AO World reveals £15m Brexit stockpiling amid underlying earnings woes
The retailer has boosted stock of fast-moving goods to prepare for possible no-deal Brexit disruption.
Electricals retailer AO World has warned that underlying earnings for the full-year are set to come in at the lower end of market expectations as it revealed £15 million of Brexit stockpiling.
The group – which recently saw founder John Roberts swoop back to take the helm – said it had boosted stock of fast-moving goods by around £15 million to prepare for possible no-deal Brexit disruption.
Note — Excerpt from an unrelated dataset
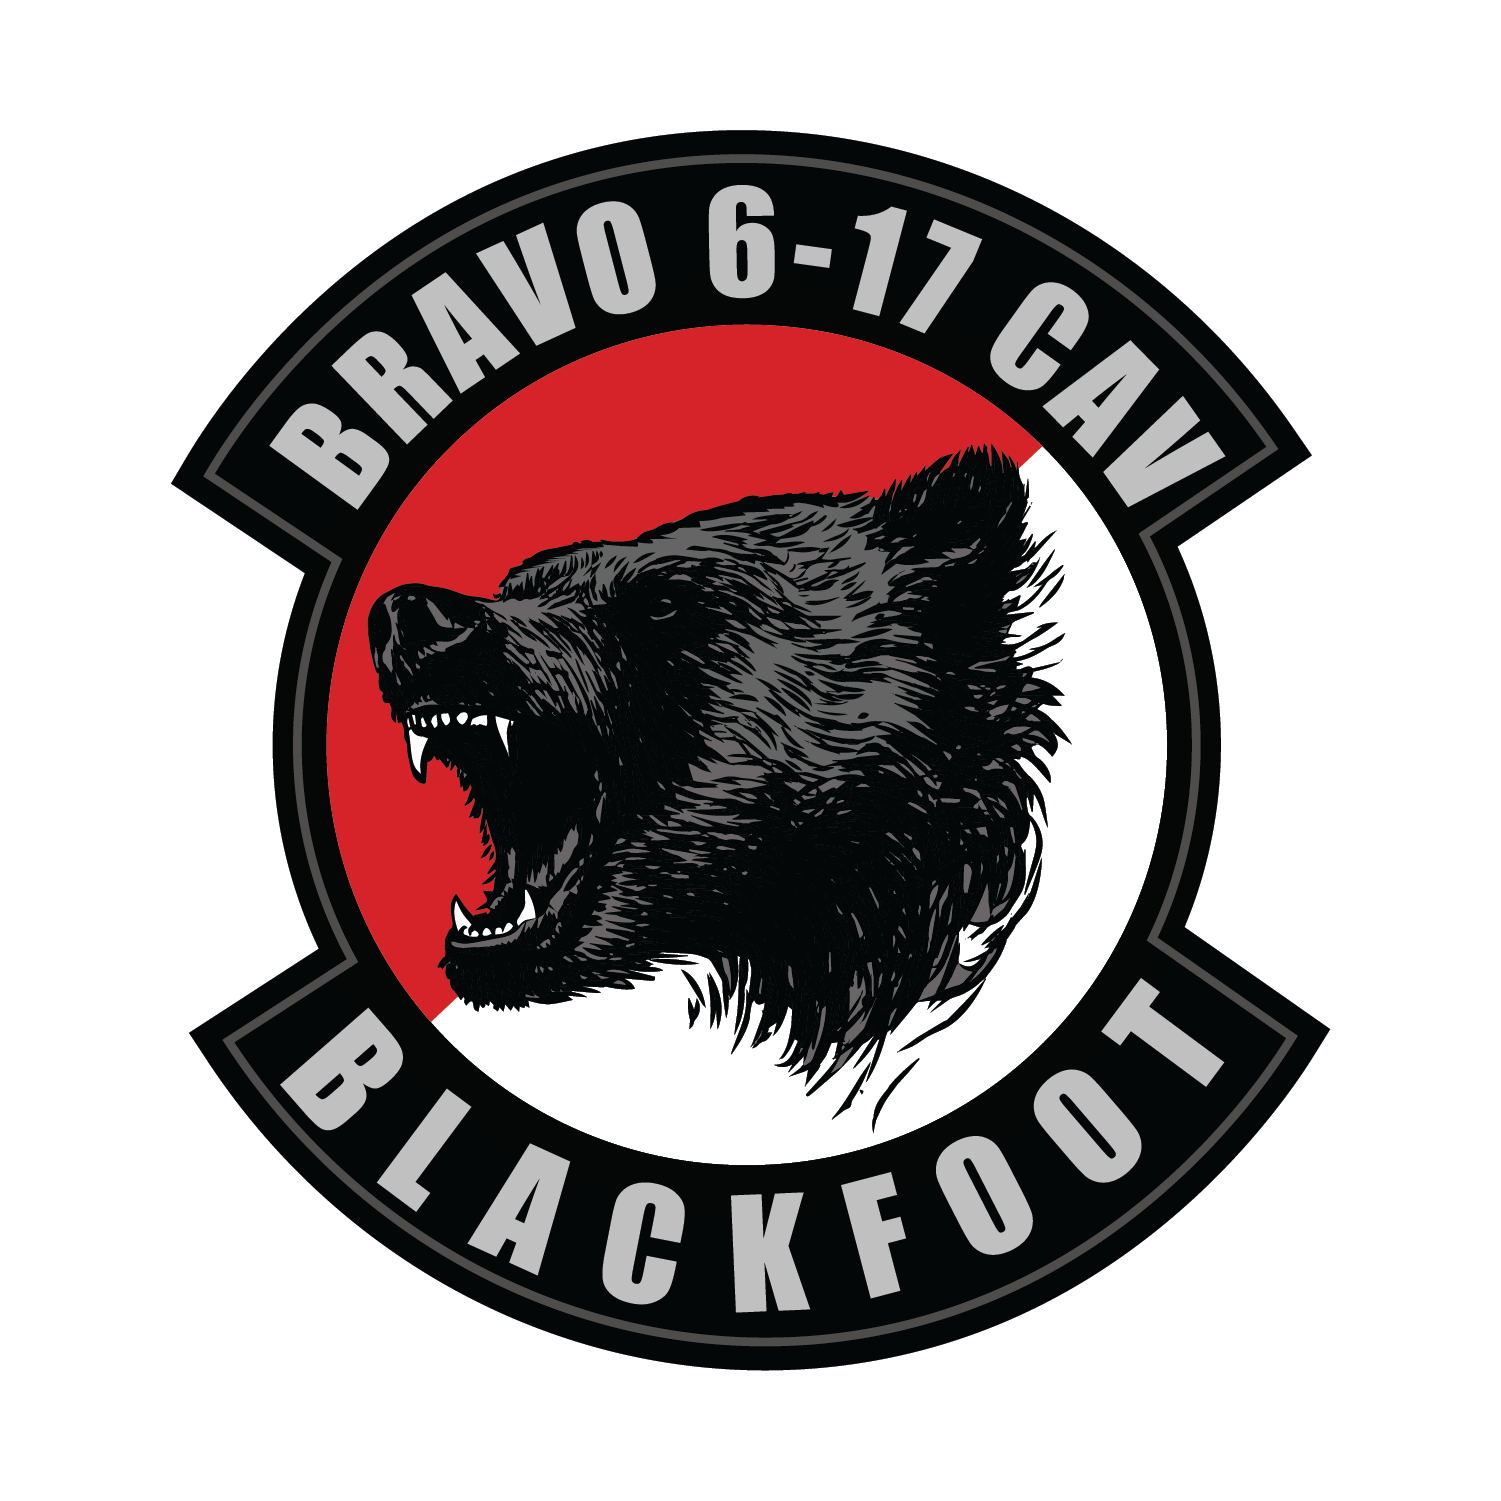 B Troop, 6-17 ACS "Blackfoot"

“This will help ensure we can continue to deliver our market-leading proposition to our customers,” it said.
AO World said that, as well as underlying earnings coming under pressure, it is also facing around an extra £2.5 million in costs from a management reshuffle since Mr Roberts’ return and a hit from a loss-making contract in Germany.
It had been forecast to report underlying earnings ranging between a loss of £400,000 to a profit of £2 million.
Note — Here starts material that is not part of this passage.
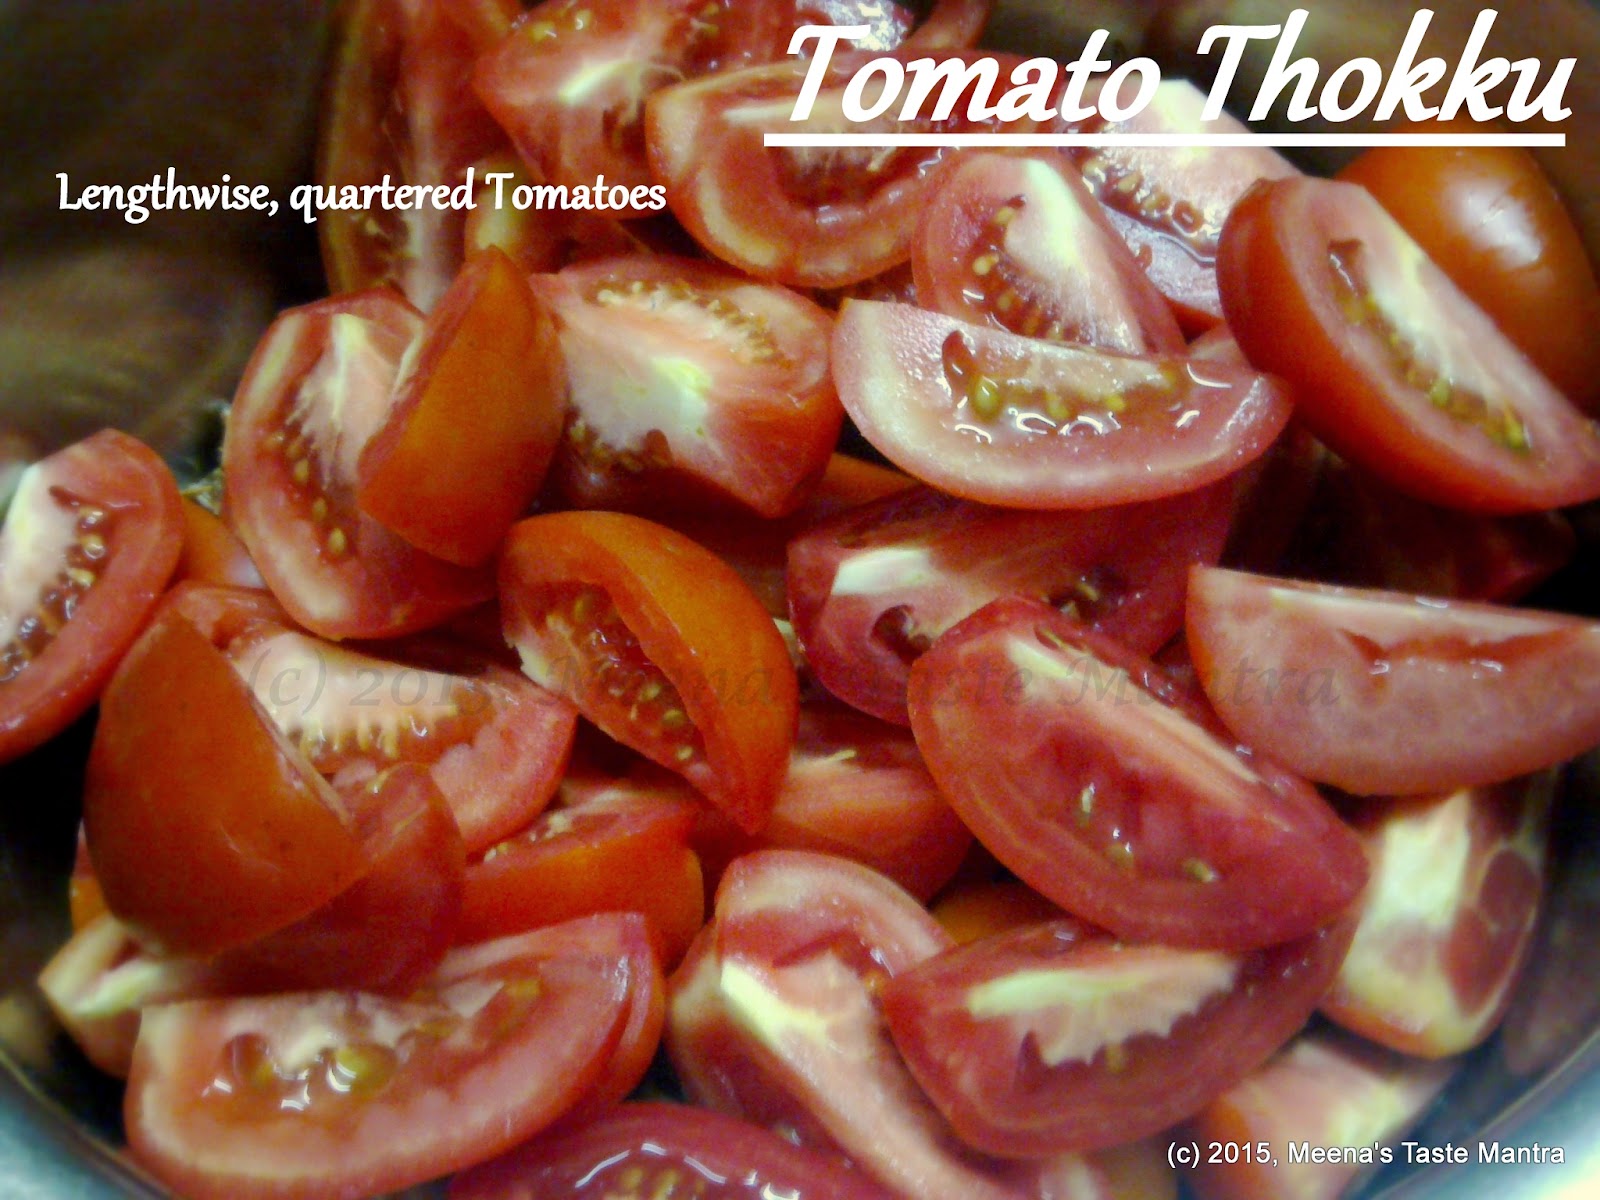 Tomato Thokku - Tomatoes quartered

But it added that, on a statutory basis, results were in line with City expectations.
Shares fell 3%.
In its full-year trading statement, the group said it is expecting to report a 9.8% rise in UK revenues, or 5.4% higher when the boost from its recent Mobile Phones Direct acquisition is stripped out.
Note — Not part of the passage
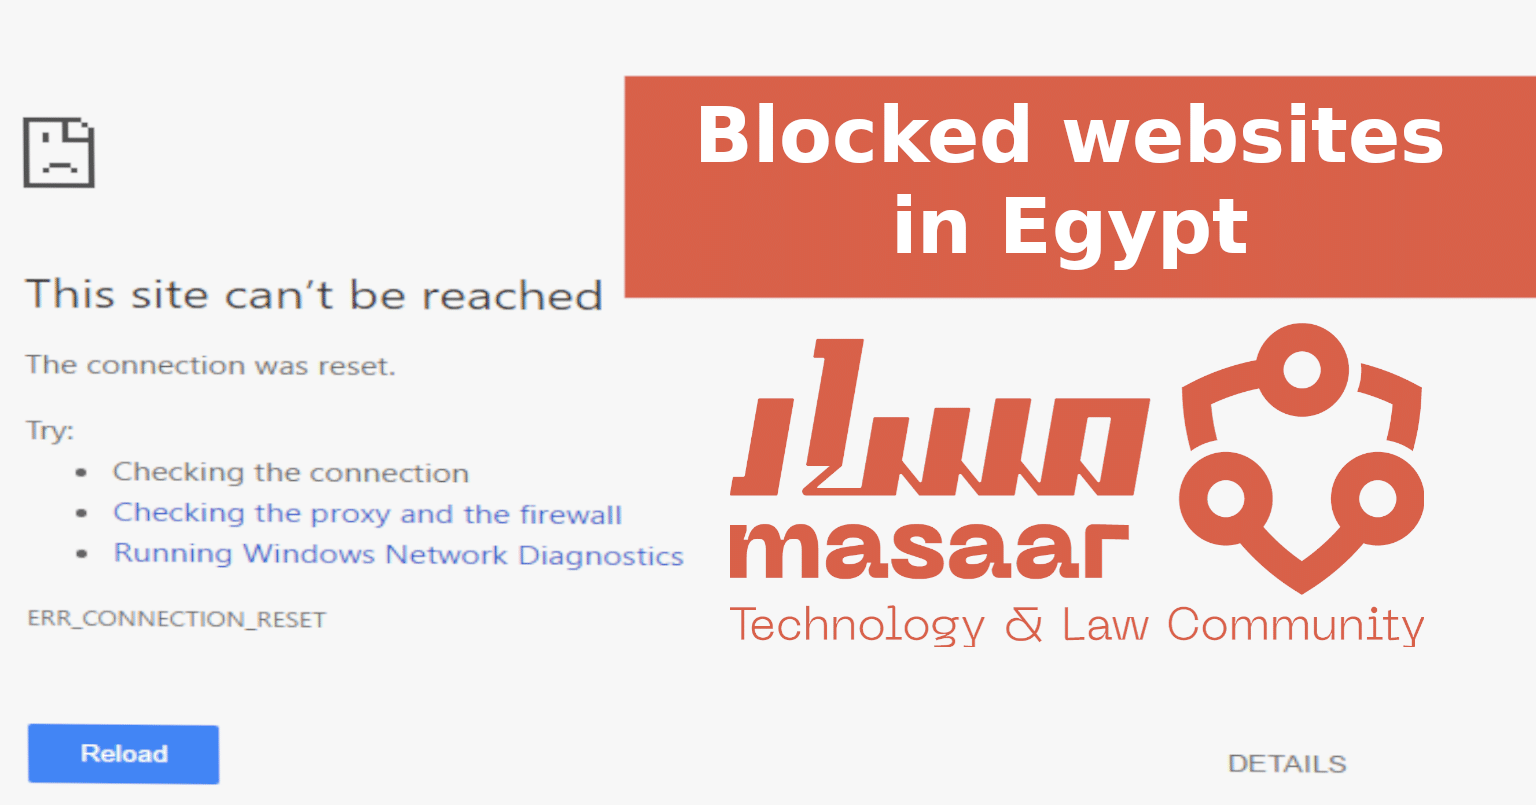 1536px x 805px - Blocked websites in Egypt - Masaar

Overall revenues are set to lift by around 13%, or 9% higher with Mobiles Phones Direct stripped out.
Mr Roberts, founder and chief executive of AO World, said: “Over the last eight weeks we have created a mindset shift from the numbers delivered in full-year 19; we are setting about realising our opportunities with pace and energy.”
He added: “I am delighted to once again have the privilege to lead the business and excited by the scale of value creation that lies ahead of us for the benefit of all stakeholders.”
Analyst Caroline Gulliver at Jefferies said: “The lower gross margin gains in Germany put full-year EBITDA (underlying earnings) at the low end of consensus, but a newly reinvigorated management team with John Roberts back at the helm is accelerating the pace of change.”
Mr Roberts returned to the top job in January after a two-year hiatus, replacing Steve Caunce, who the group said quit to “step back to a less demanding business role and rebalance his lifestyle”.
It followed half-year results showing AO World suffered an £11.7 million operating loss for the six months to September 30.
FTSE 250-listed AO World, which has its headquarters in Bolton, operates across the UK, Germany and the Netherlands.